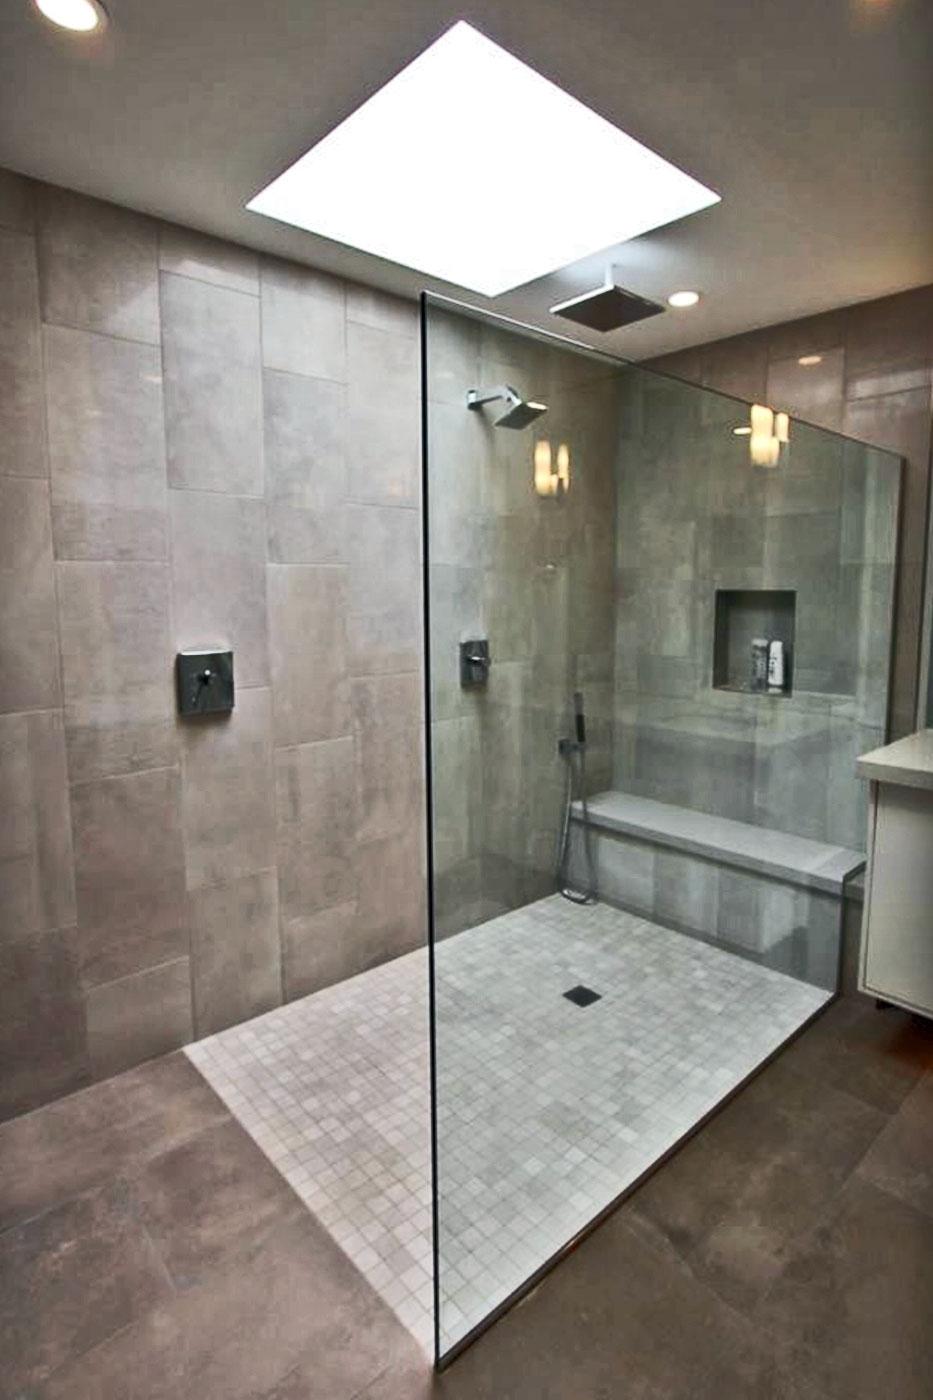 https://palmdesertbuilder.com/wp-content/uploads/2018/09/Palm-Springs-Kitchen-Bathroom-Remodel-Premier-0-med.jpg
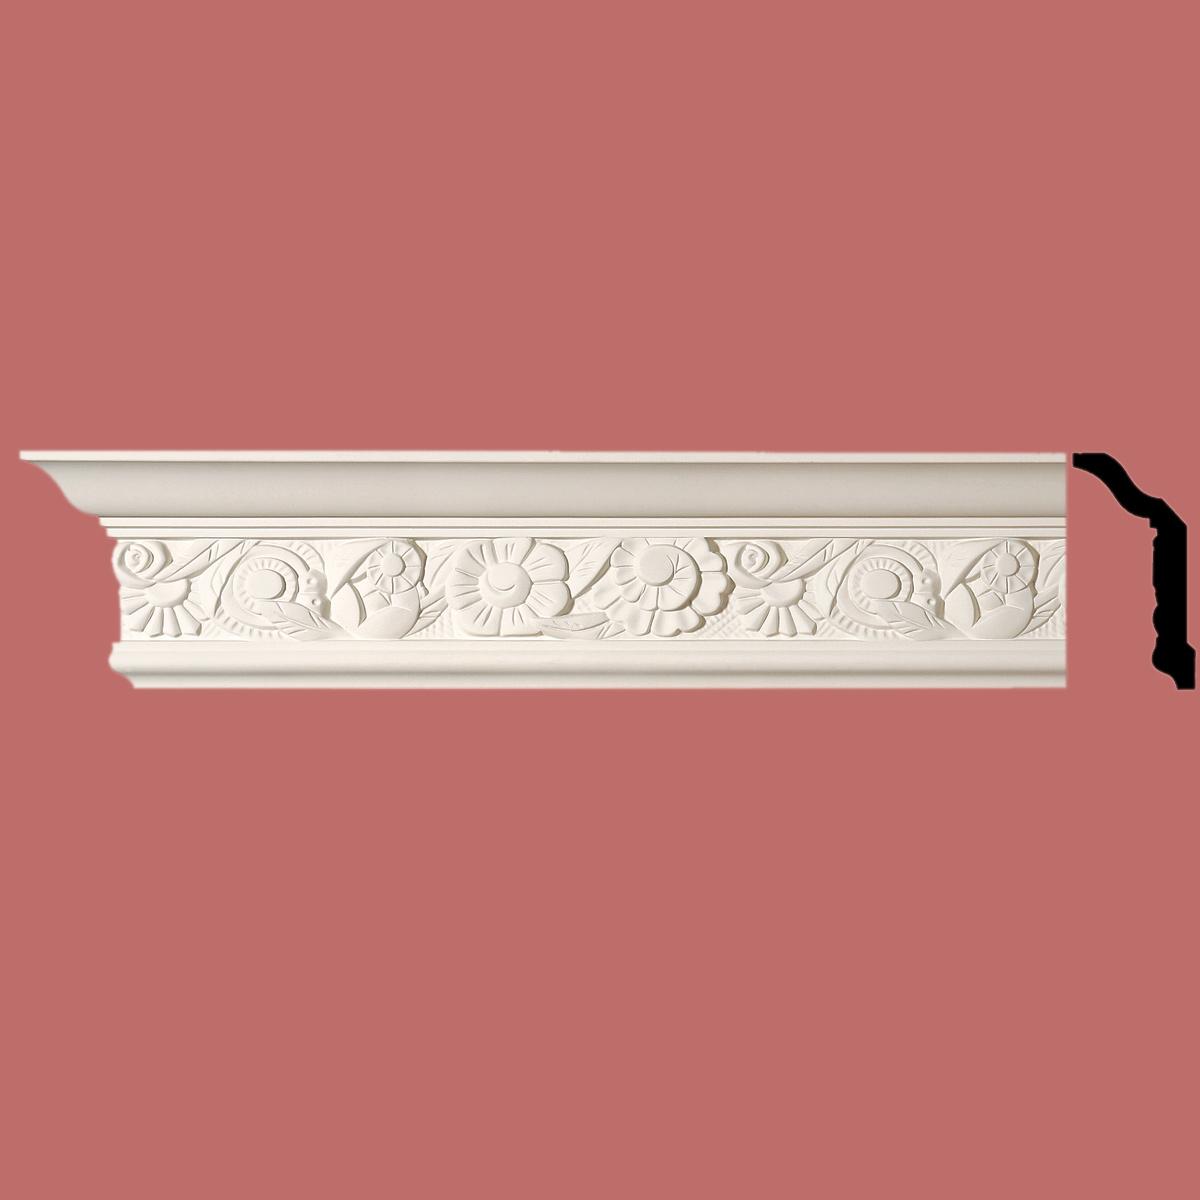 Cornice White Urethane Sample of 11593 24 Long Cornice Cornice Moulding Cornice Molding
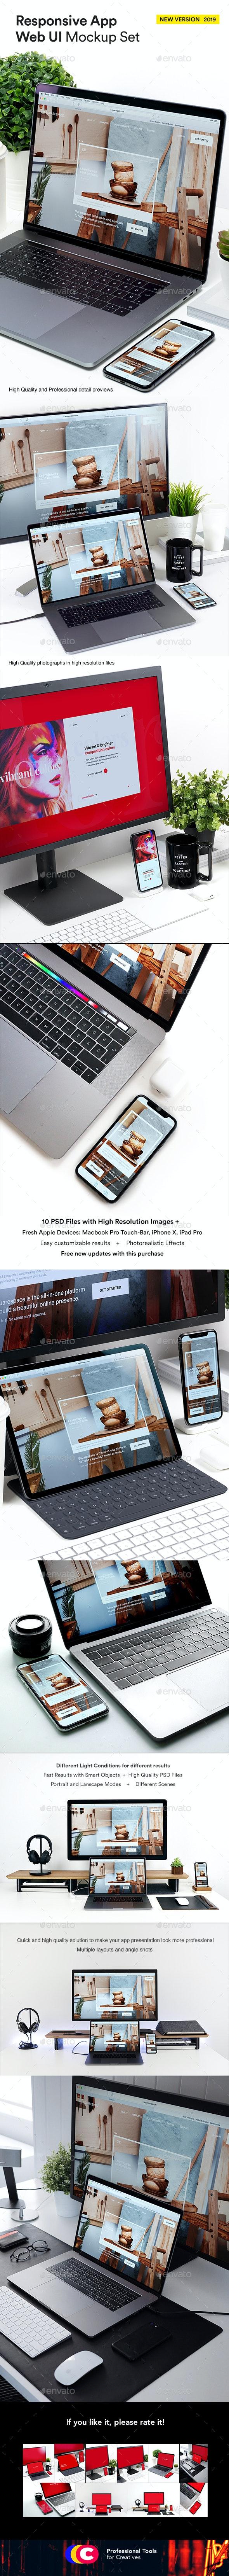 Responsive Mockup Set App Web UI Laptop Phone Tablet Pro
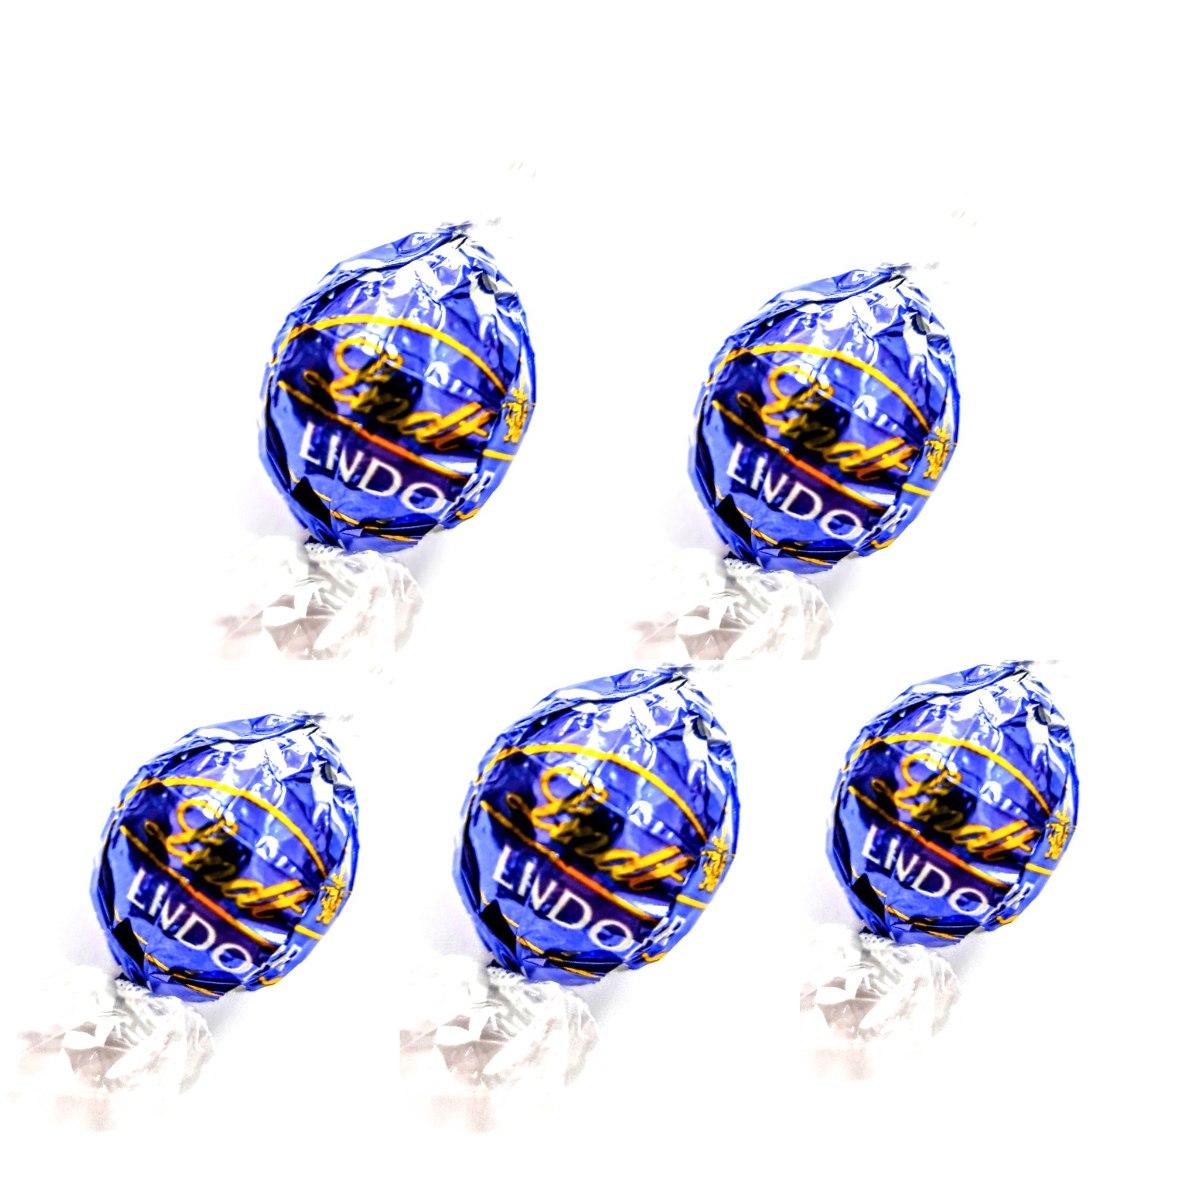 Lindor בתפזורת! קרם שוקולד לבן 200 גרם
--------
• EXERCISE DETAILS: Your copy must start at the line that holds "Cornice White Urethane" and end at the last line of the data, both included; it must contain no pictures.

• OUTPUT:
 Cornice White Urethane Sample of 11593 24 Long Cornice Cornice Moulding Cornice Molding
 Responsive Mockup Set App Web UI Laptop Phone Tablet Pro
 Lindor בתפזורת! קרם שוקולד לבן 200 גרם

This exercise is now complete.